Ekipa Nicholasa “nitr0” Cannelli przystępowała do sobotniego starcia z minimalną przewagą psychiczną, ponieważ w Londynie już raz pokonali Astralis. W trzeciej rundzie New Legends Stage Liquid wygrał 19:15, ale w kolejnym starciu z Duńczykami nie miał już żadnych szans.
Drugi półfinał zaczął się od Nuke’a, który został wybrany przez Petera ”dupreeha” Rasmussena i od samego początku postawił w roli lidera właśnie Astralis. Po stronie terrorystów drużyna grała bardzo agresywnie i prowadziła 9:6. Po zmianie stron Europejczycy zagrali jeszcze lepiej i zdominowali rywala, oddając mu ledwie dwa oczka.
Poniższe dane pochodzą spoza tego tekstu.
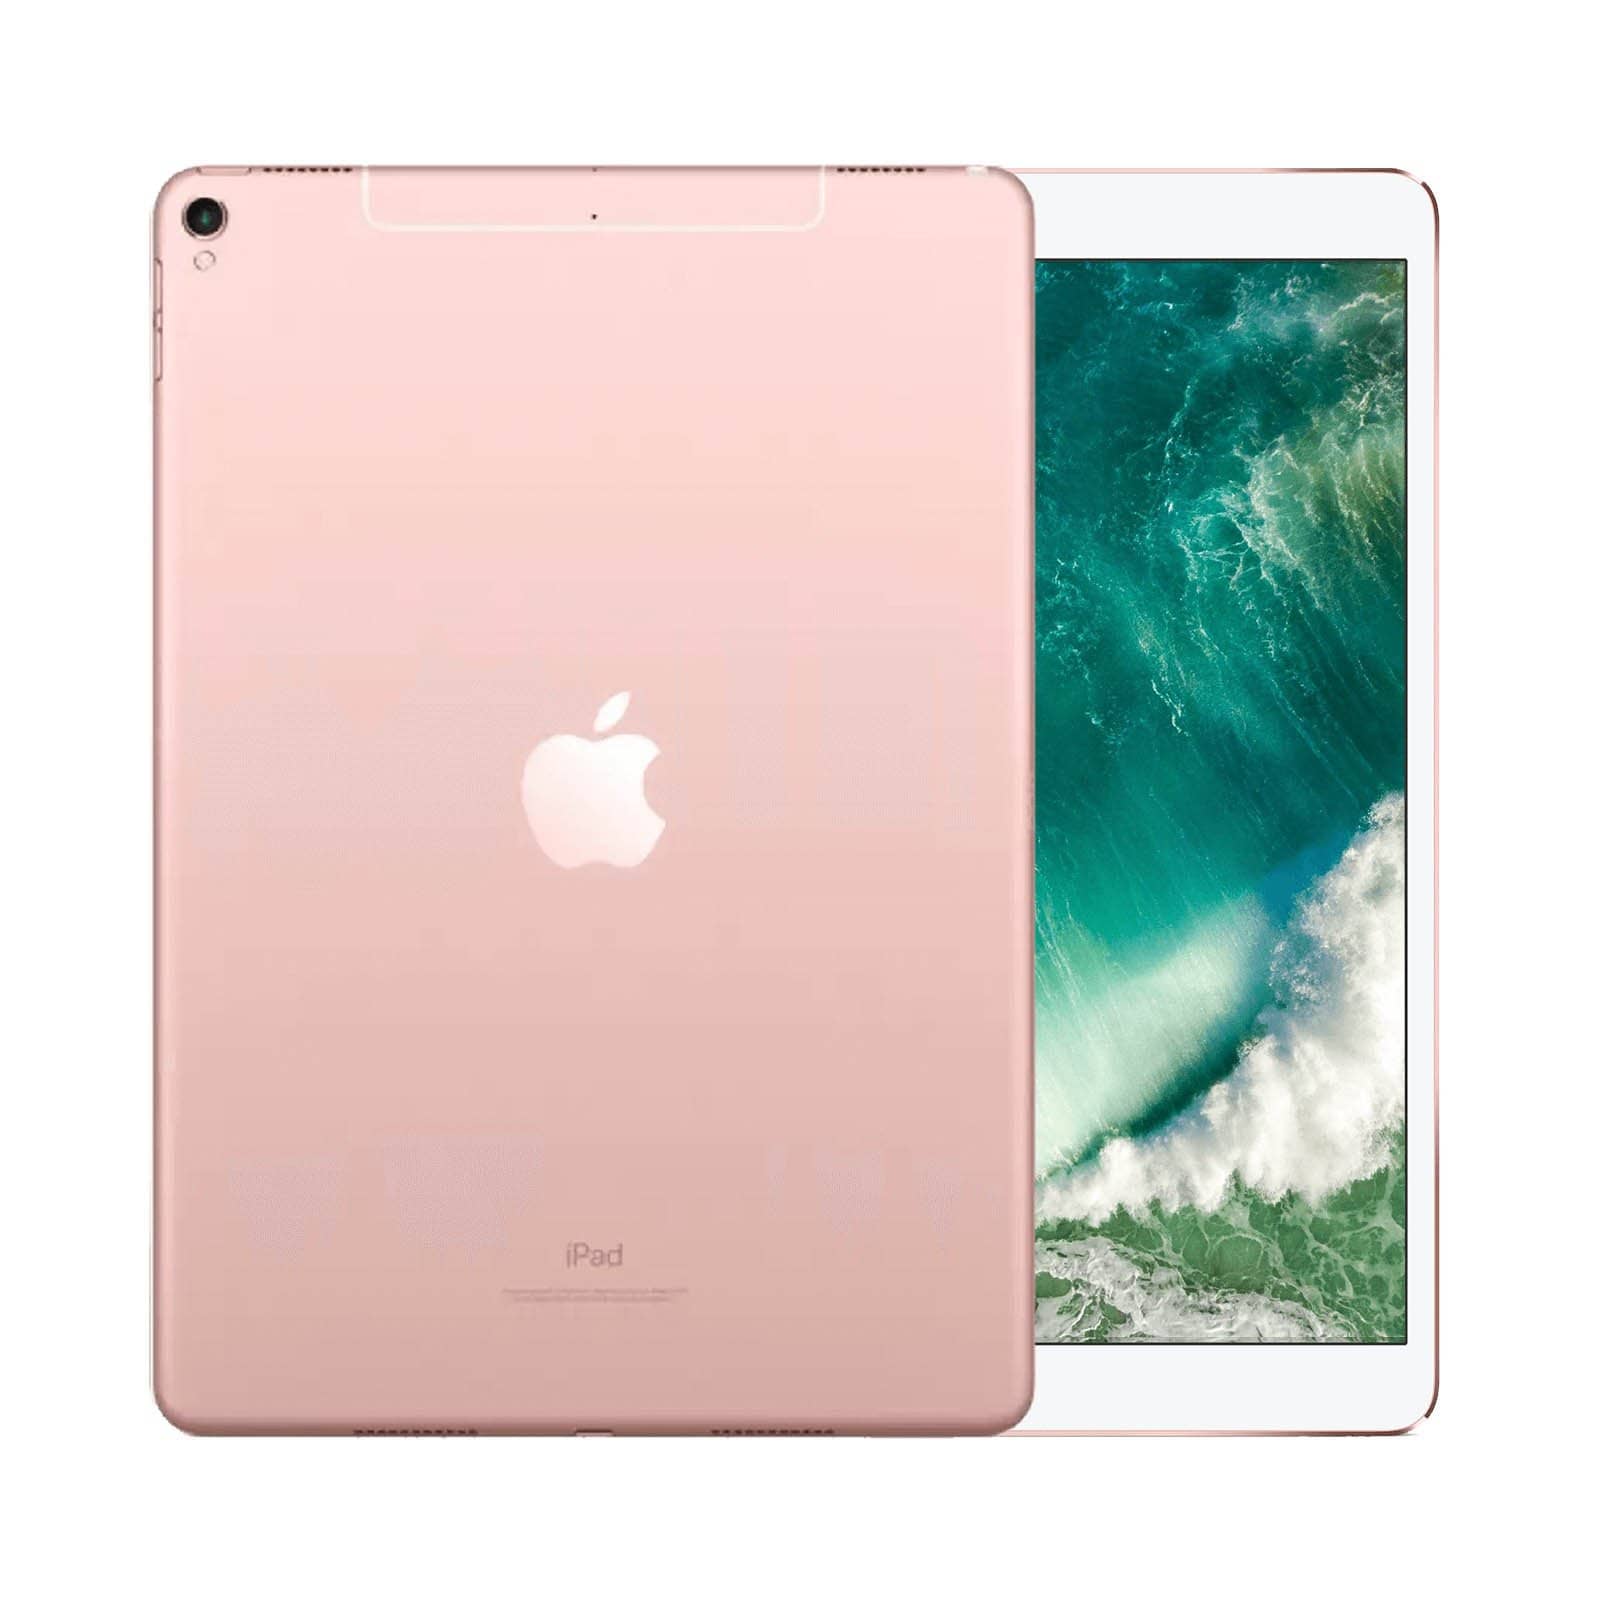 iPad Pro 10.5 Inch 512GB Rose Gold Pristine - Unlocked 512GB Rose Gold Pristine

Sami zgarnęli potrzebne siedem. W rewanżu zawodnicy przenieśli się Mirage’a. Russel ”Twistzz” Van Dulken i spółka chcieli zmazać plamę, ale rozpędzone Astralis nie miało żadnych skrupuł. W pierwszej połowie Duńczycy zgromadzili 12 rund, czym udowodnili, że ich celem jest finał. Chwilę później było już po meczu, bo dupreeh wraz z kolegami zdobyli brakujące cztery oczka.
Astralis 2:0 Team Liquid
de_Nuke – 16:8
de_Mirage – 16:7
Jutro Astralis i Natus Vincere zagrają w finale FACEIT Major 2018 London. Decydujące spotkanie Majora zaplanowane jest na 19:10.